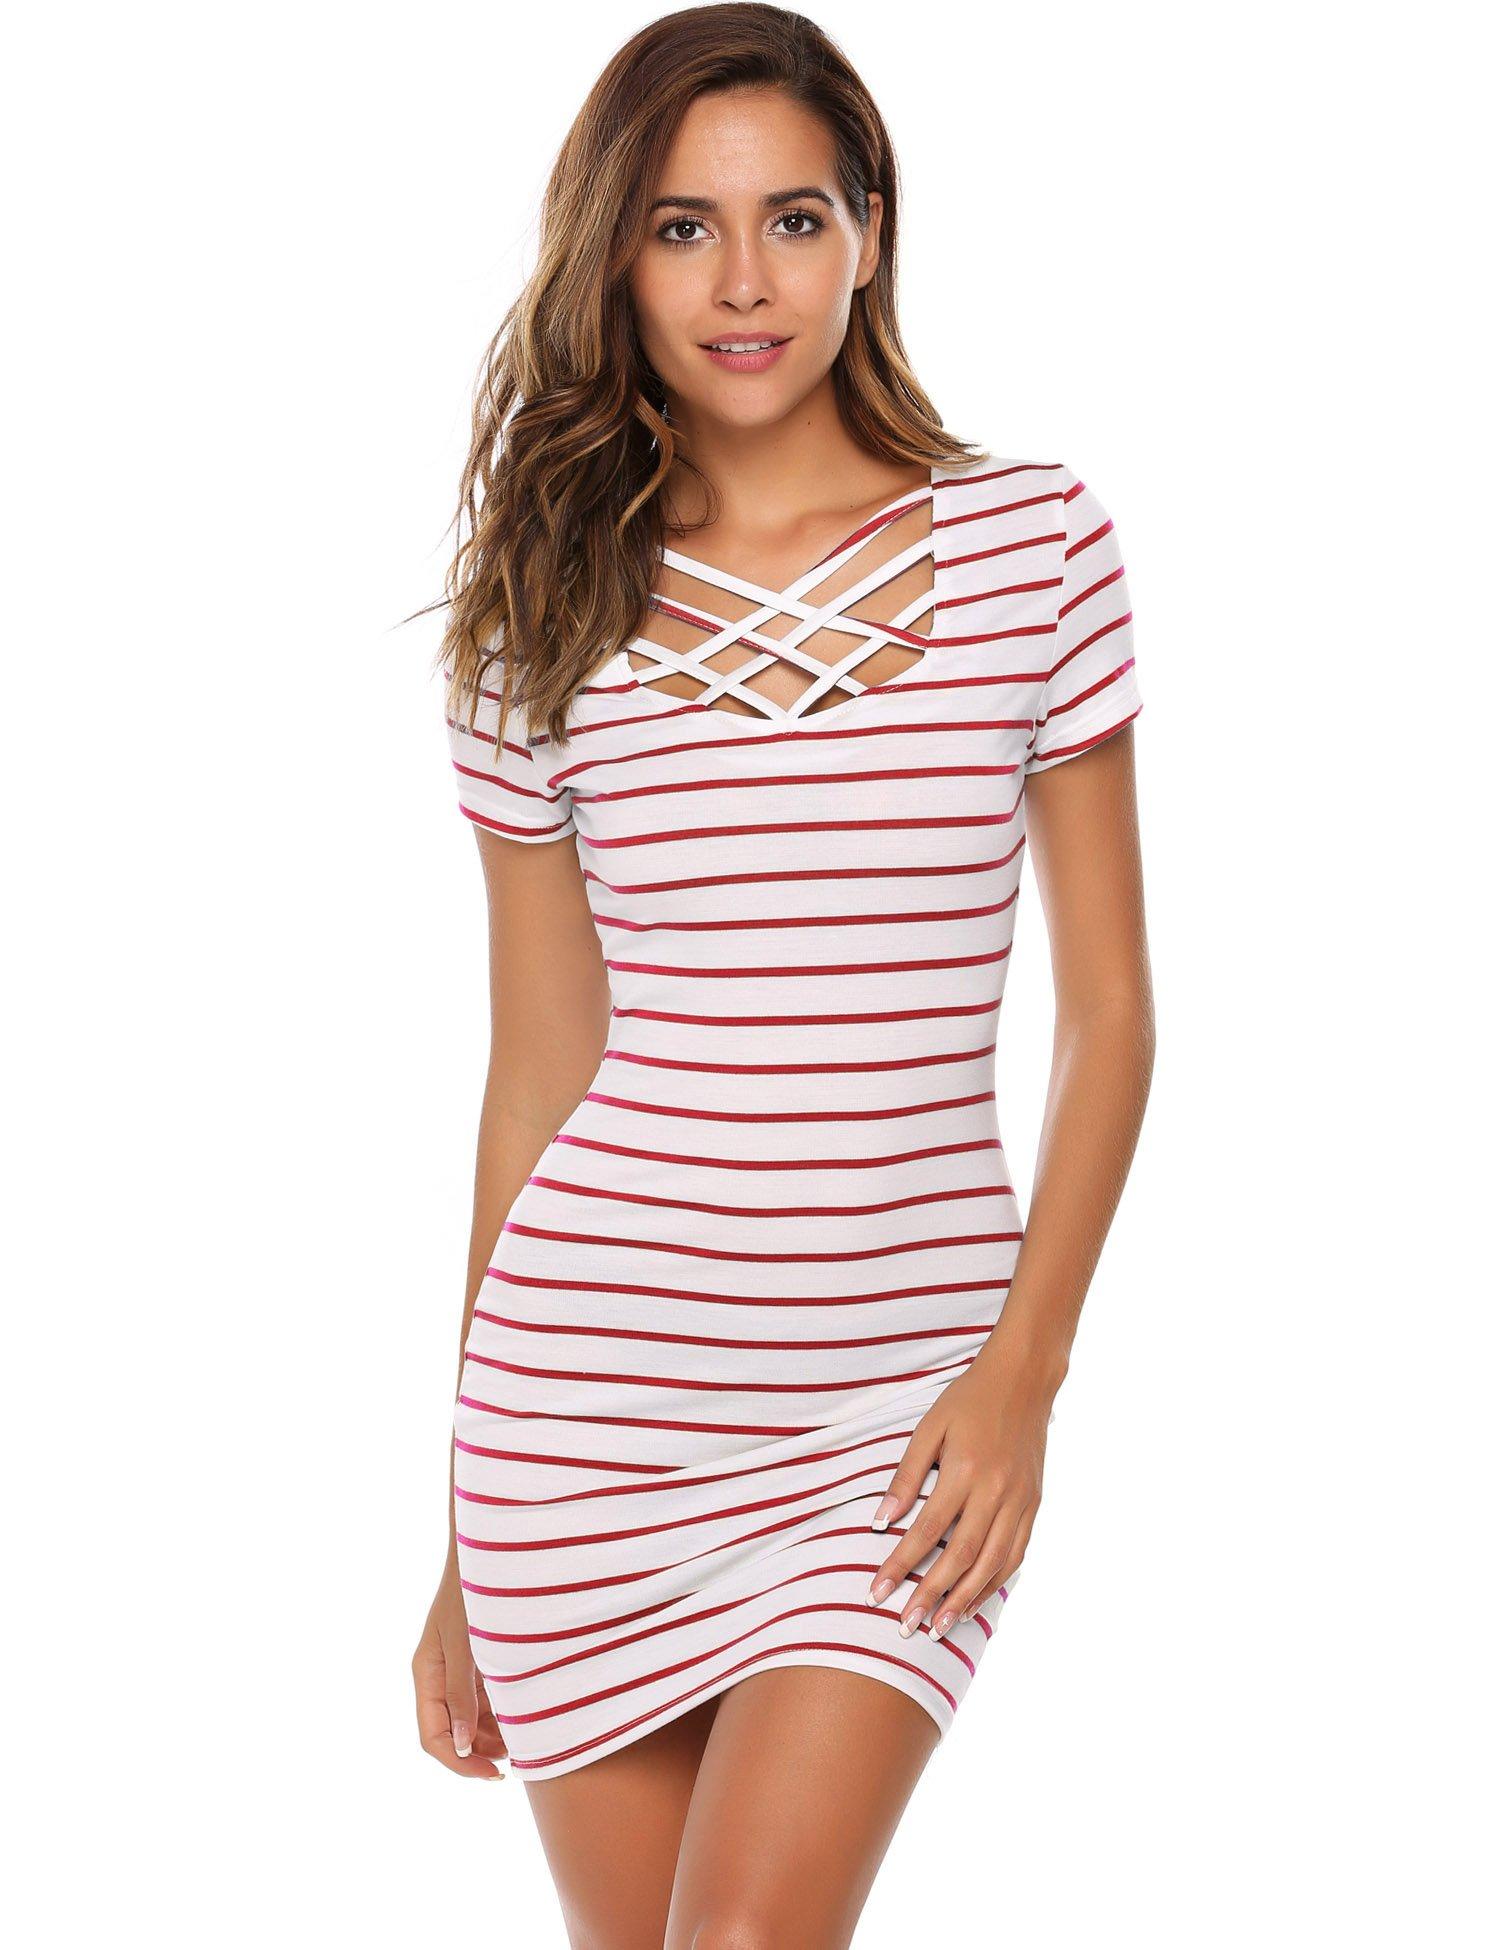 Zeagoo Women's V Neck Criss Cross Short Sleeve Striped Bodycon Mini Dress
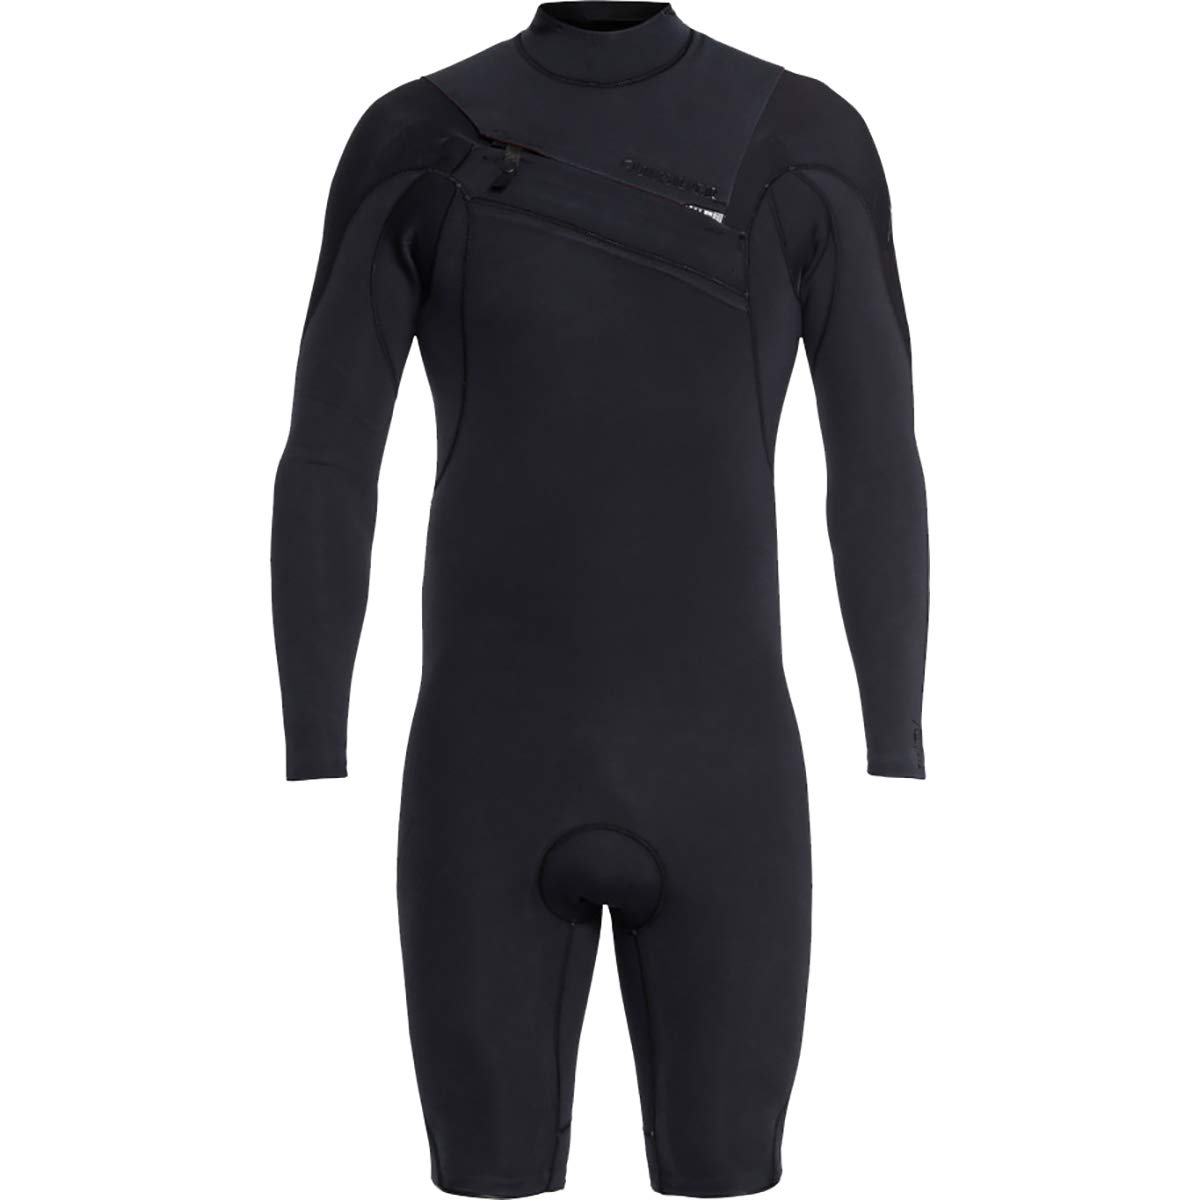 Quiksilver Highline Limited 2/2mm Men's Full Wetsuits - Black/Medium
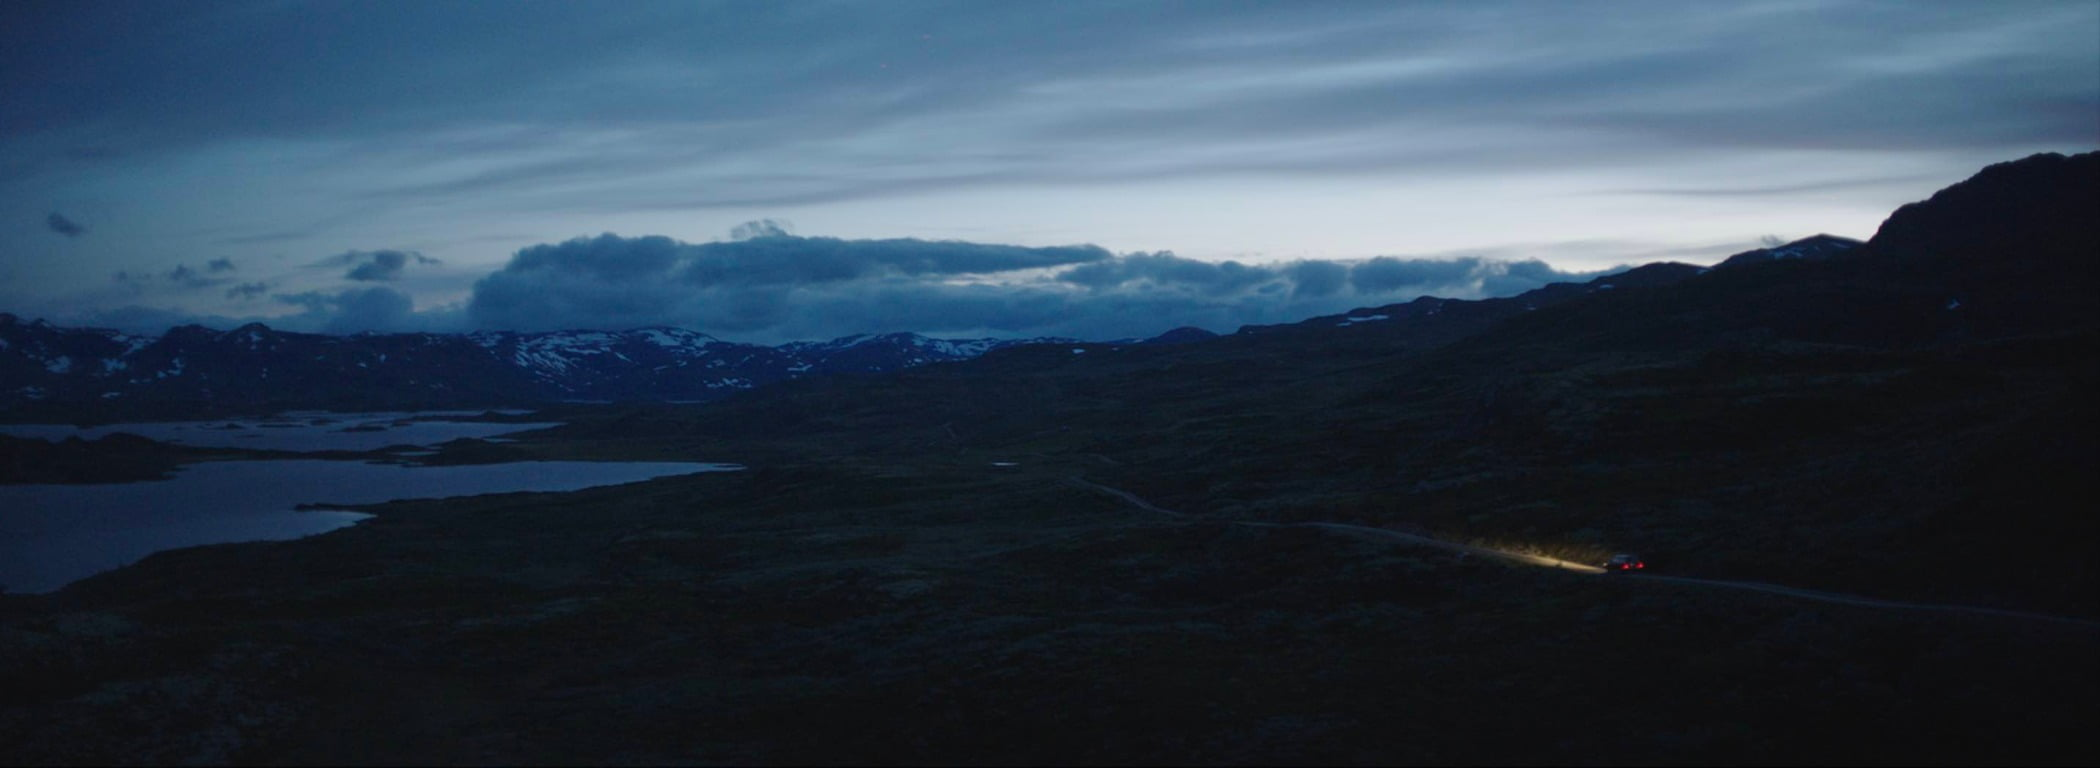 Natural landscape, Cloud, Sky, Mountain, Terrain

# EXERCISE REQUIREMENTS:
The data above are to be repeated word for word, with any pictures left out.

# TASK SOLUTION:
 Zeagoo Women's V Neck Criss Cross Short Sleeve Striped Bodycon Mini Dress
 Quiksilver Highline Limited 2/2mm Men's Full Wetsuits - Black/Medium
 Natural landscape, Cloud, Sky, Mountain, Terrain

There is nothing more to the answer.